──────── Data excerpts ────────
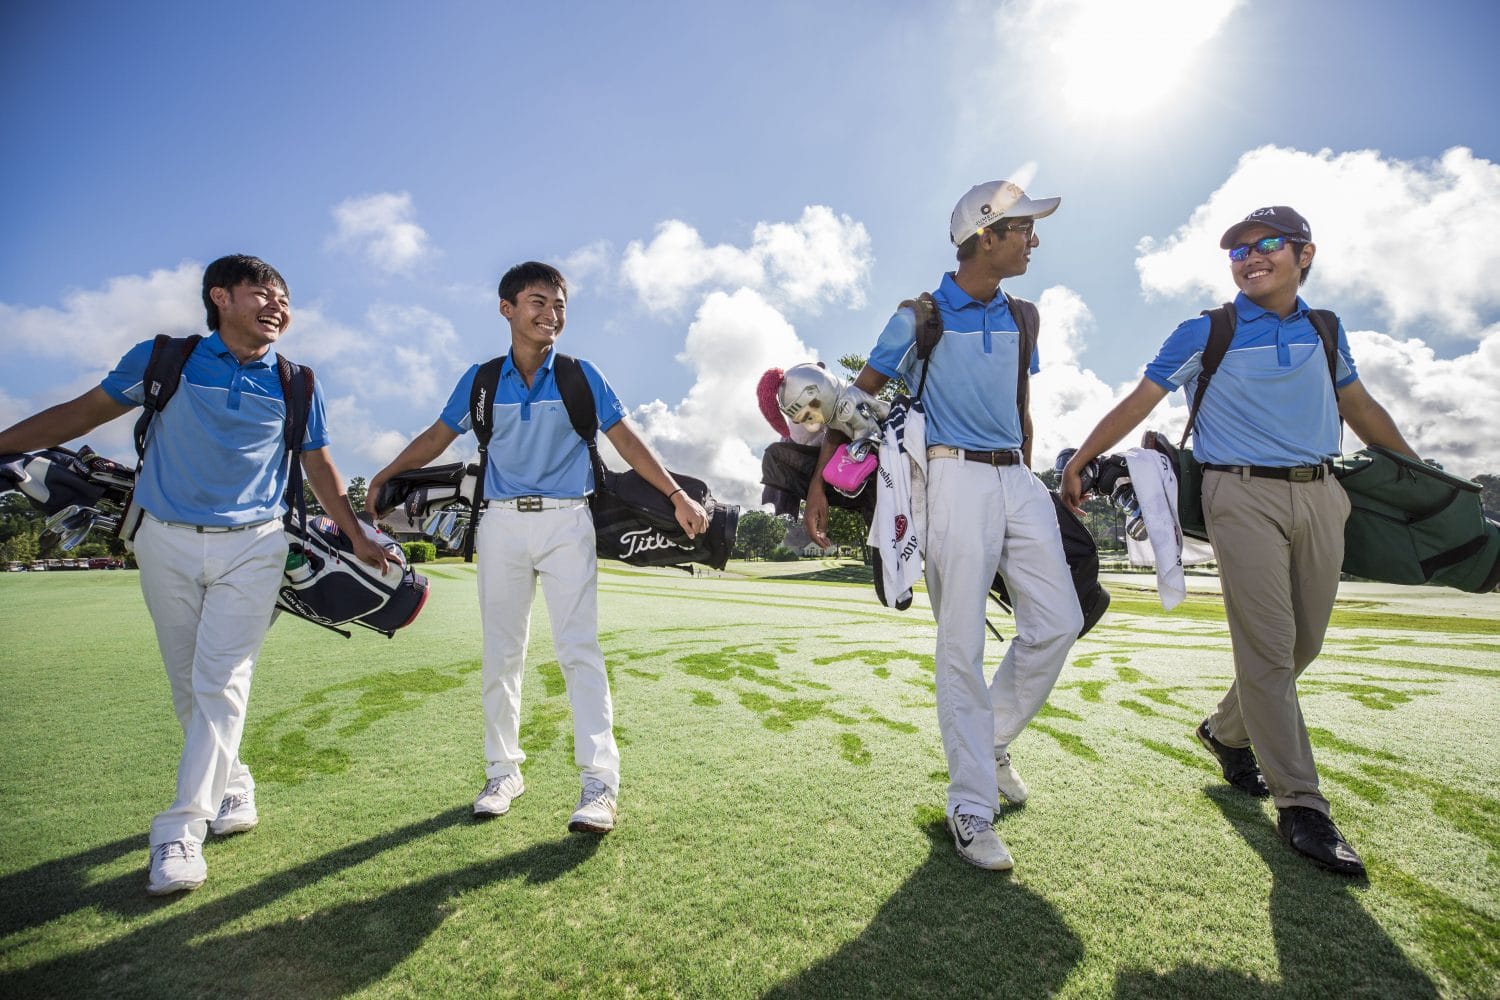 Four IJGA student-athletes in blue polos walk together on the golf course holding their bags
────────
──────── Data excerpts ────────
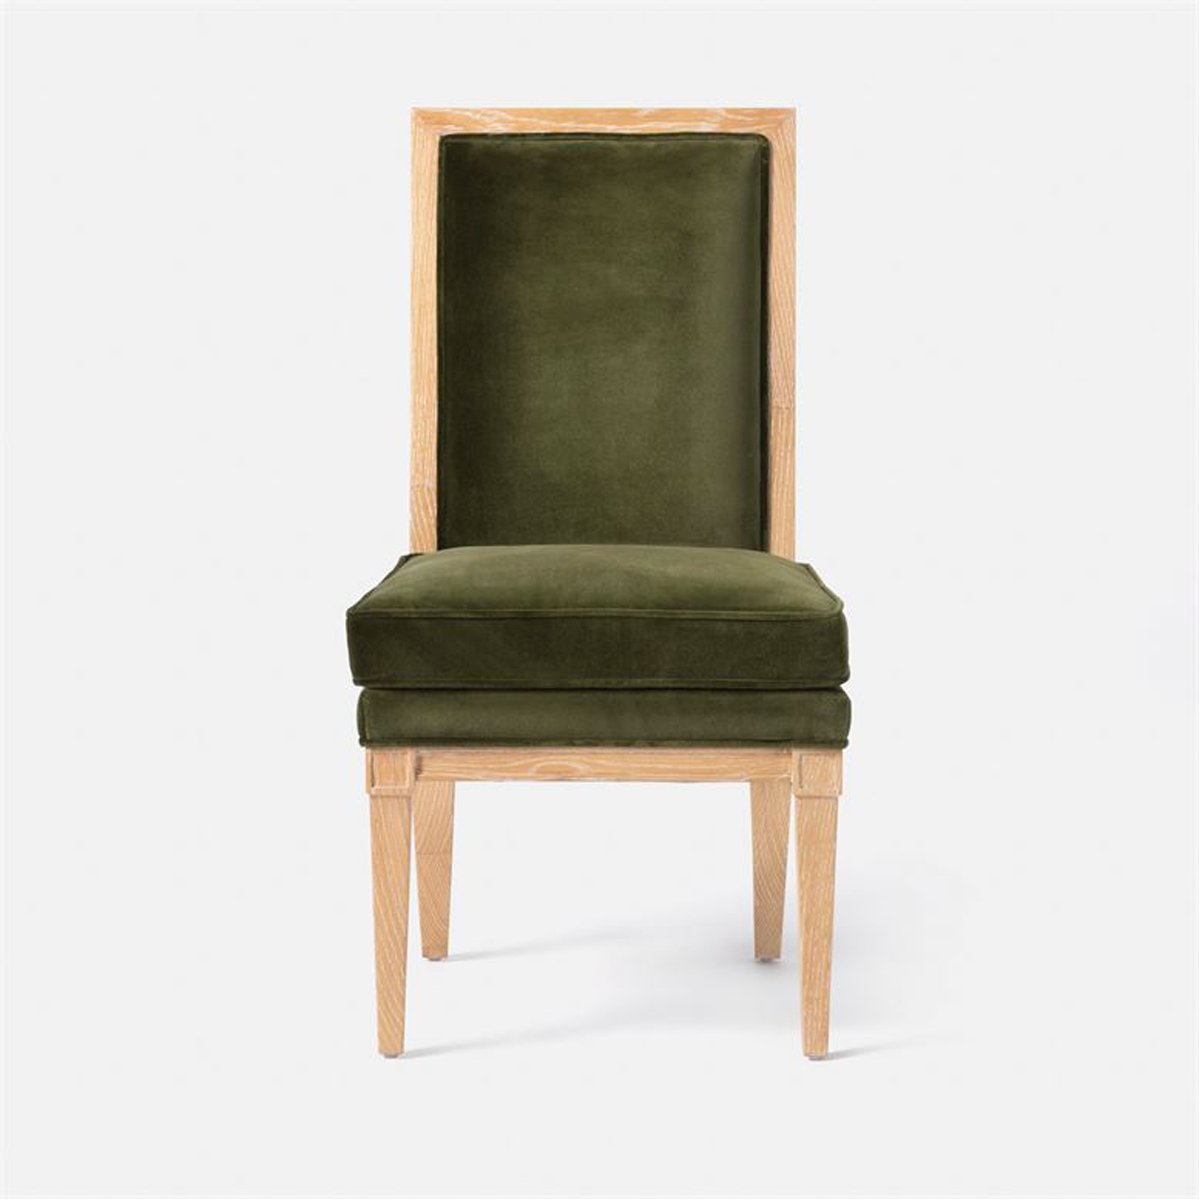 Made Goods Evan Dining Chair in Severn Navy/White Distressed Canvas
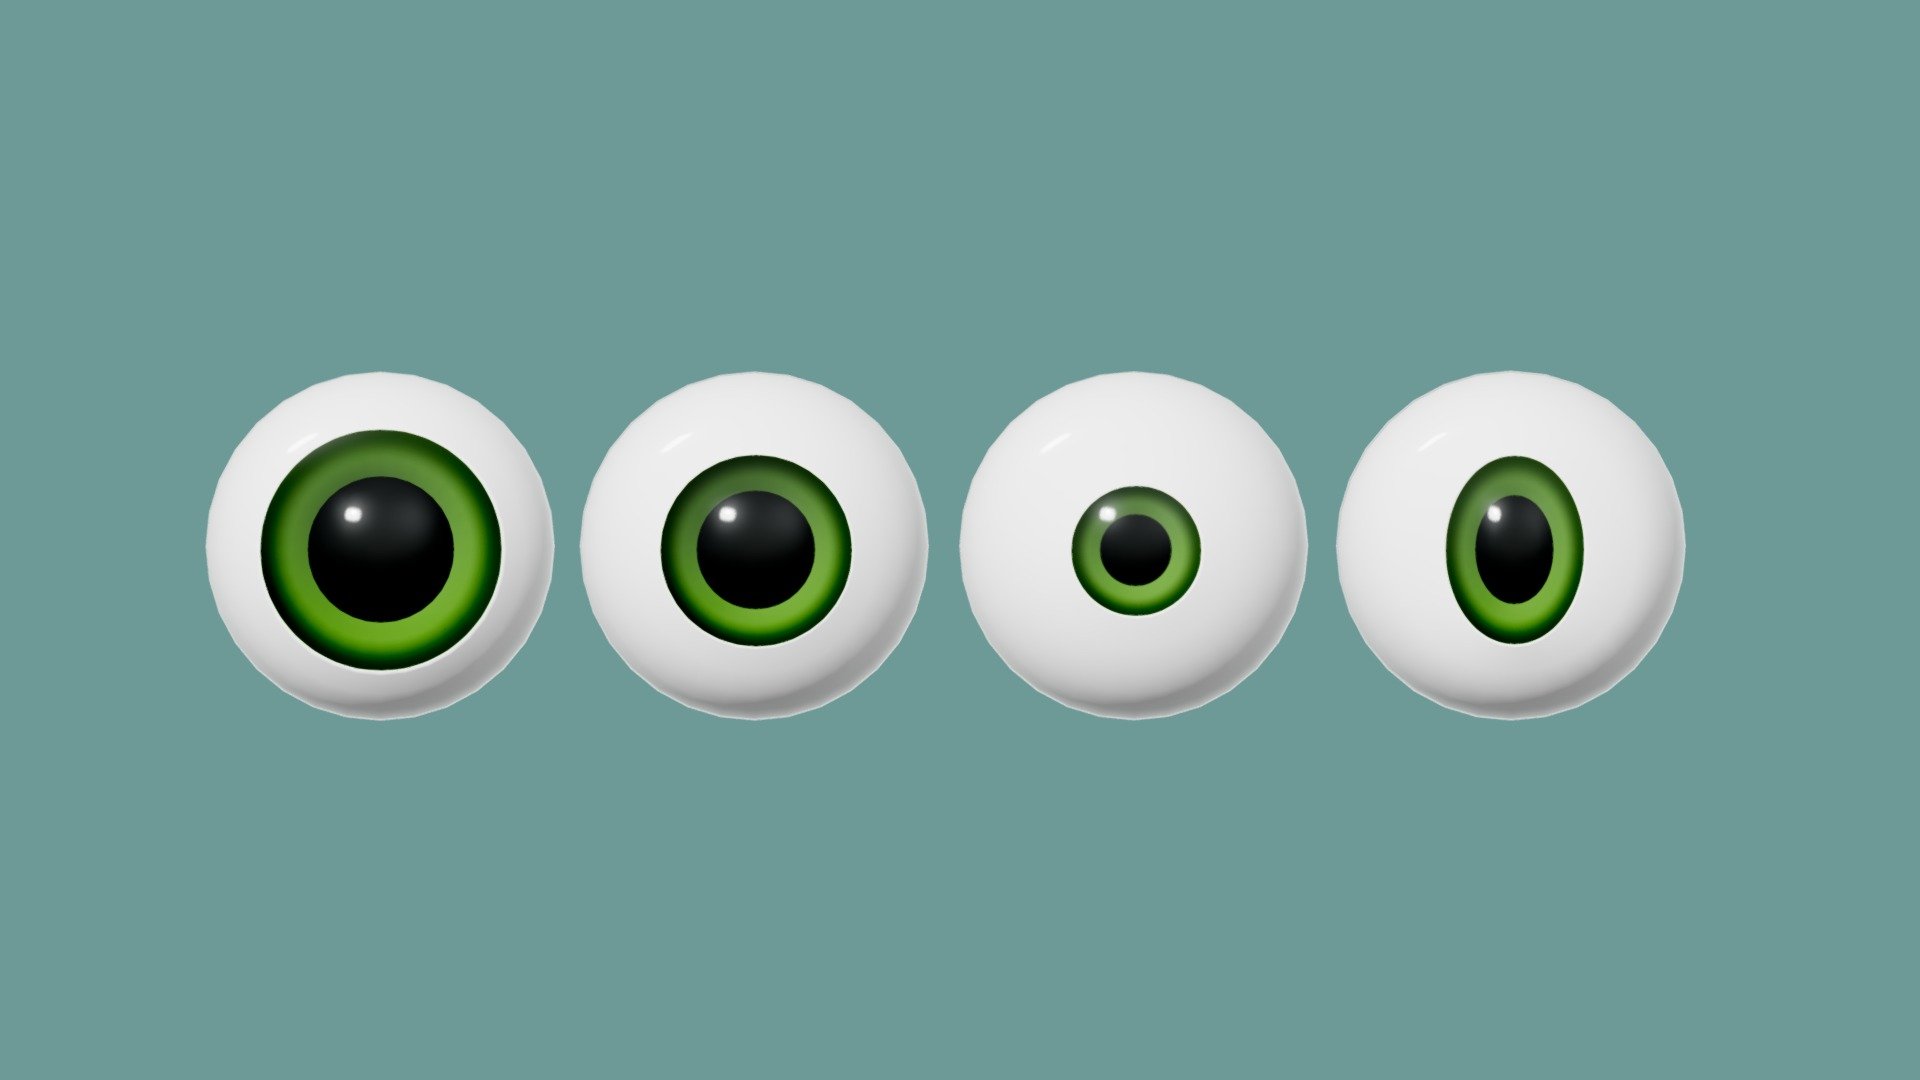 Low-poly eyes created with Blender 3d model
────────
Task prompt: Look above for the line with "Made Goods Evan" and the line with "Low-poly eyes created with Blender 3d model", then restate exactly those two lines and all lines between them, with no pictures.

Response to the exercise:
 Made Goods Evan Dining Chair in Severn Navy/White Distressed Canvas
 Low-poly eyes created with Blender 3d model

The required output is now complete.